Beginning with the first line, return the material verbatim and without pictures.

» DATA SHOWN:
------------

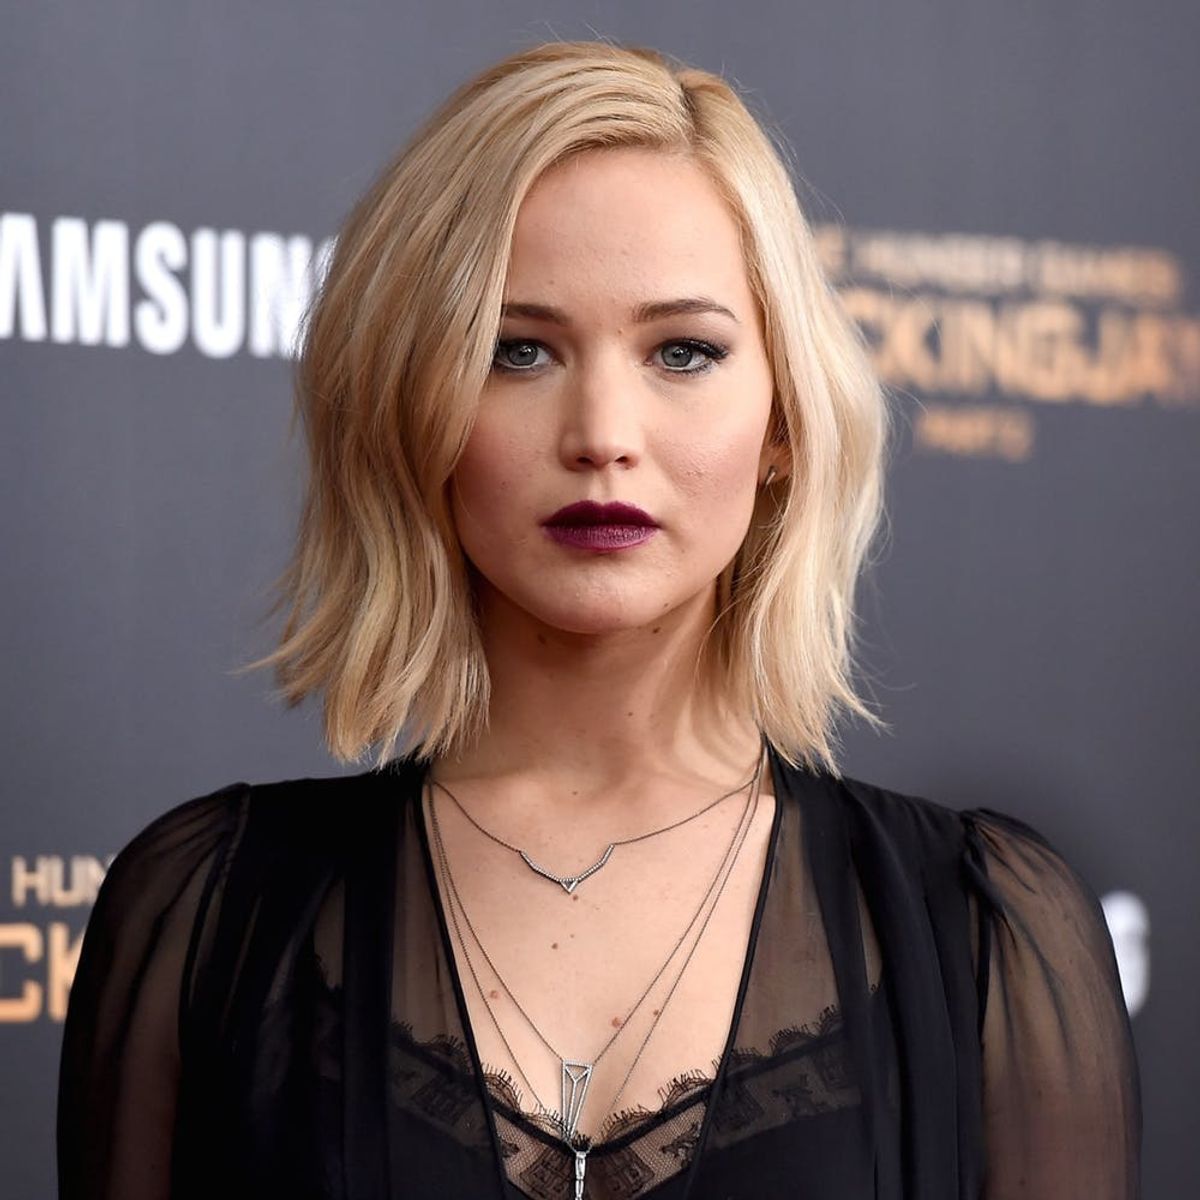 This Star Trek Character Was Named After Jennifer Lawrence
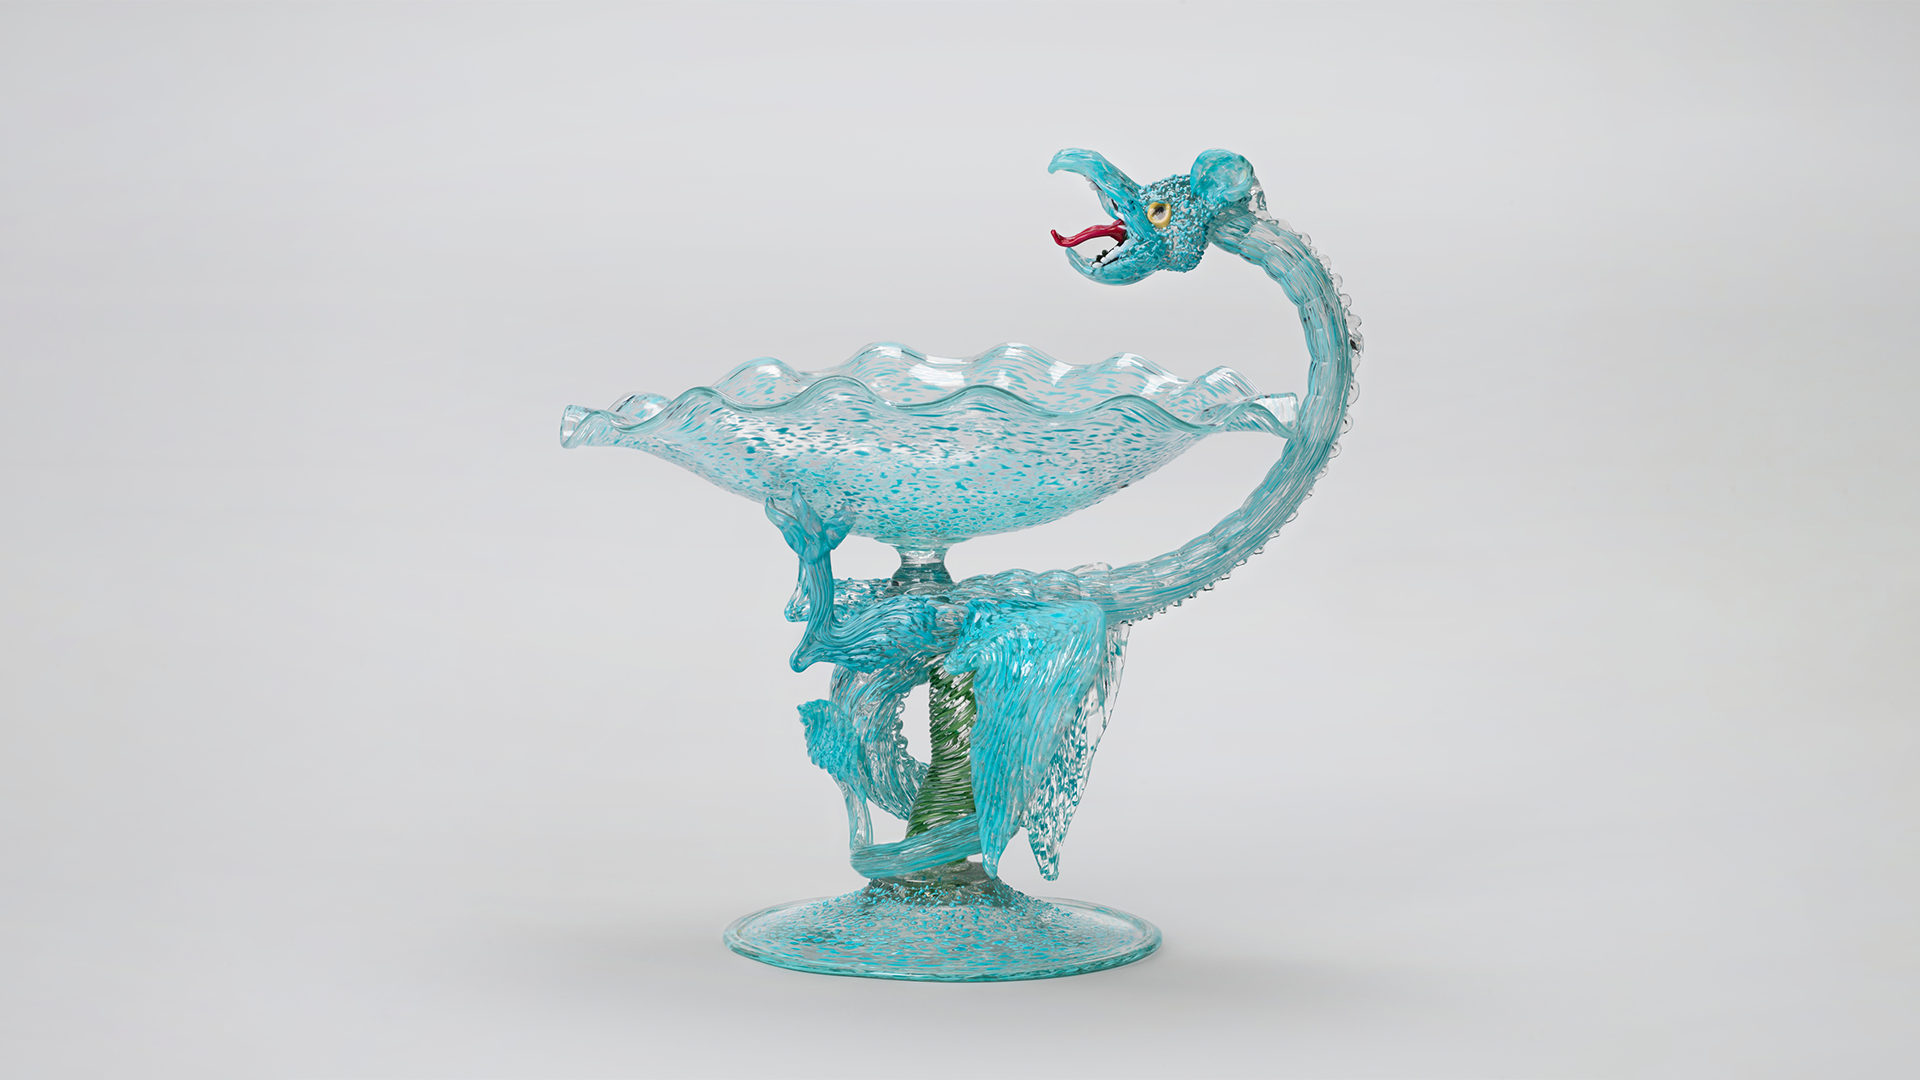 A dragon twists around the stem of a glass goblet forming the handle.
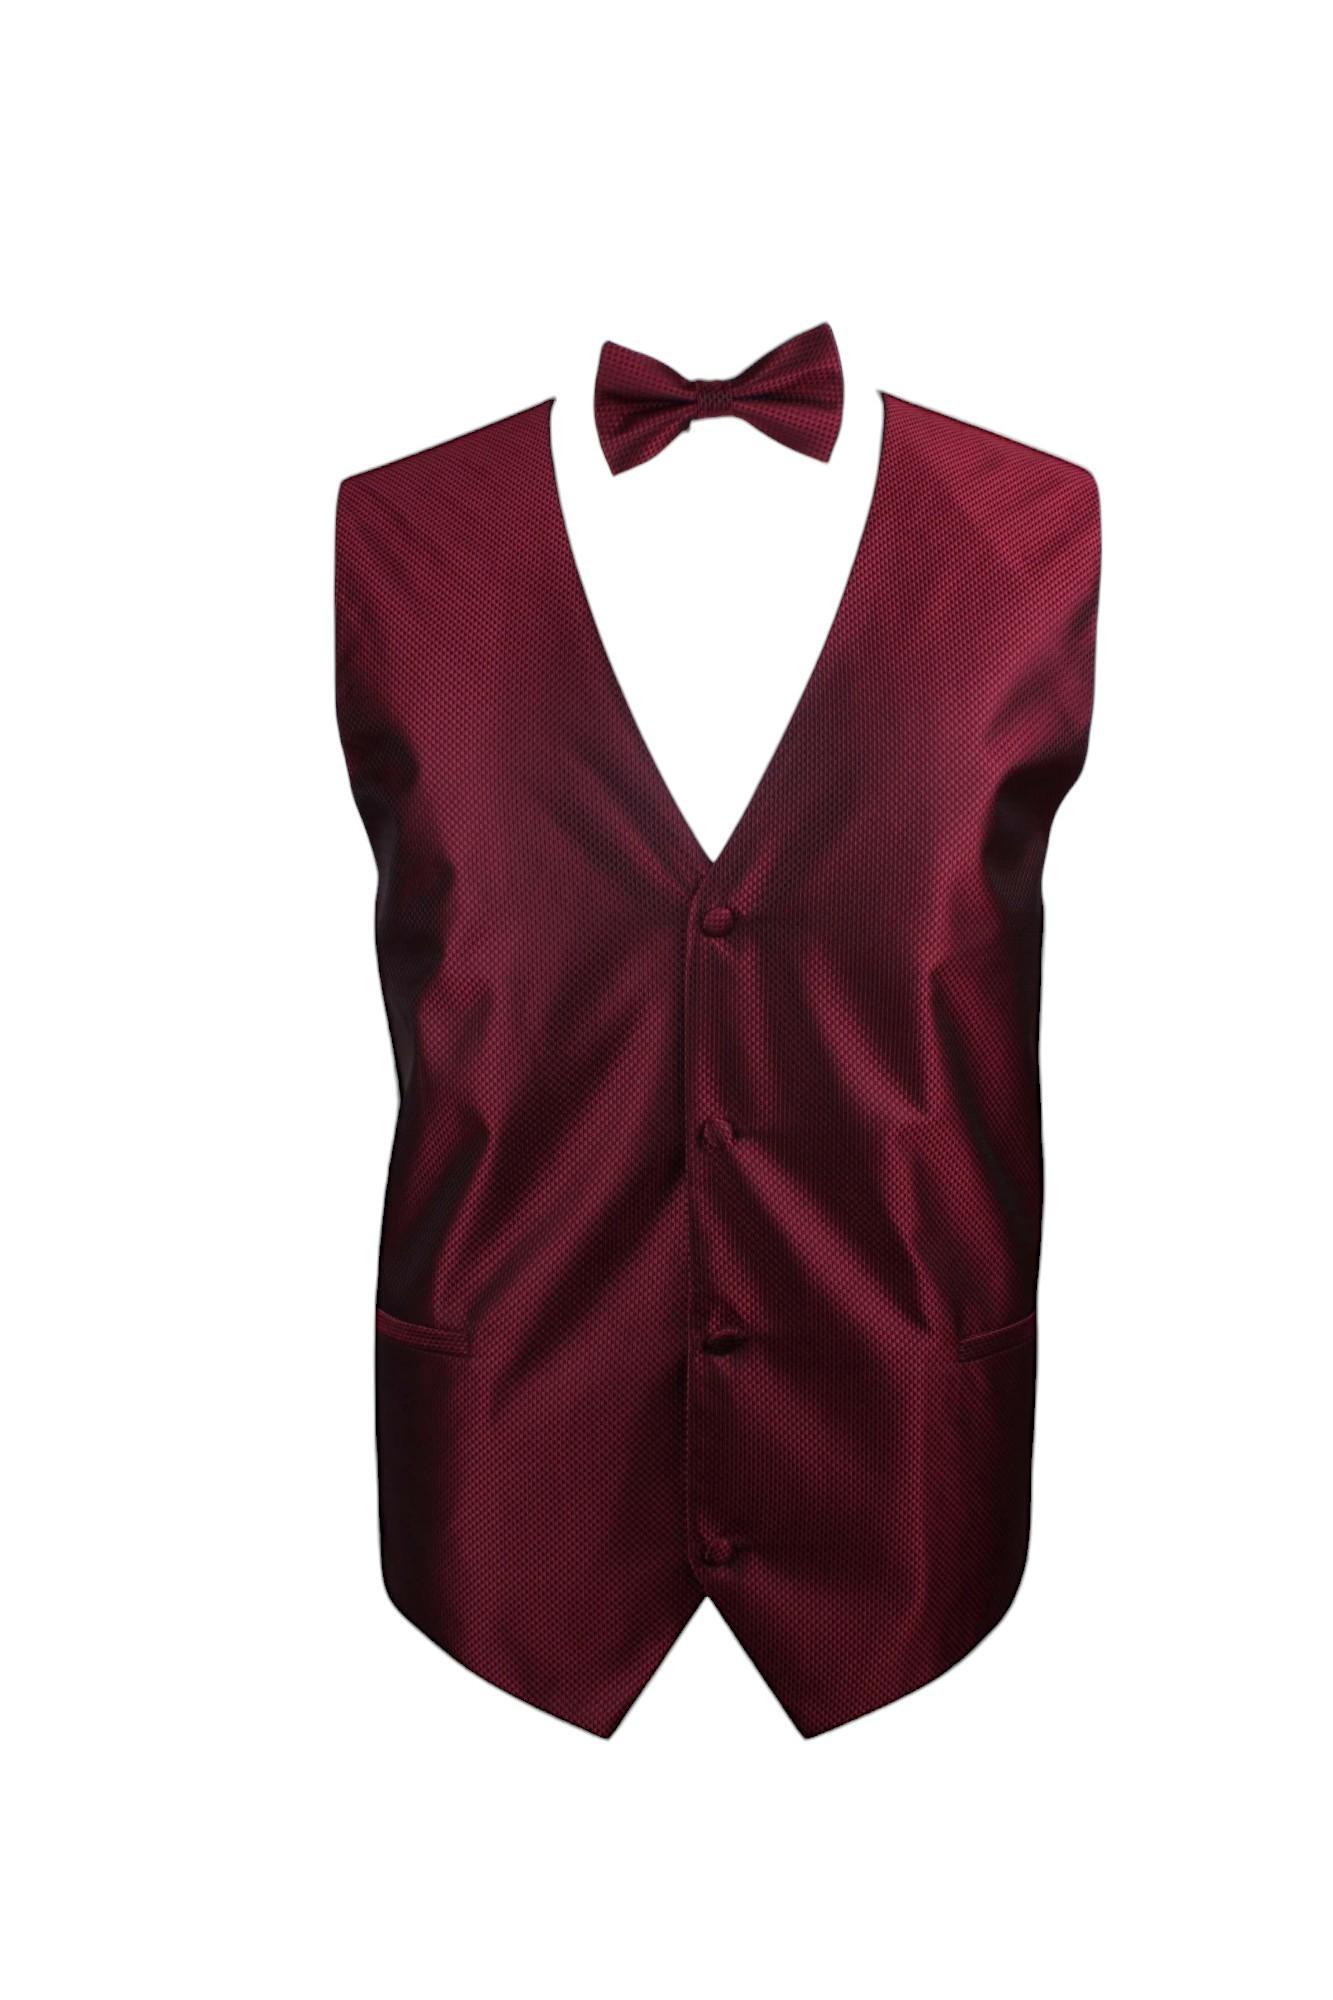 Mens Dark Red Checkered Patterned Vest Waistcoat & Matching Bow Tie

------------

» EXERCISE OUTPUT:
 This Star Trek Character Was Named After Jennifer Lawrence
 A dragon twists around the stem of a glass goblet forming the handle.
 Mens Dark Red Checkered Patterned Vest Waistcoat & Matching Bow Tie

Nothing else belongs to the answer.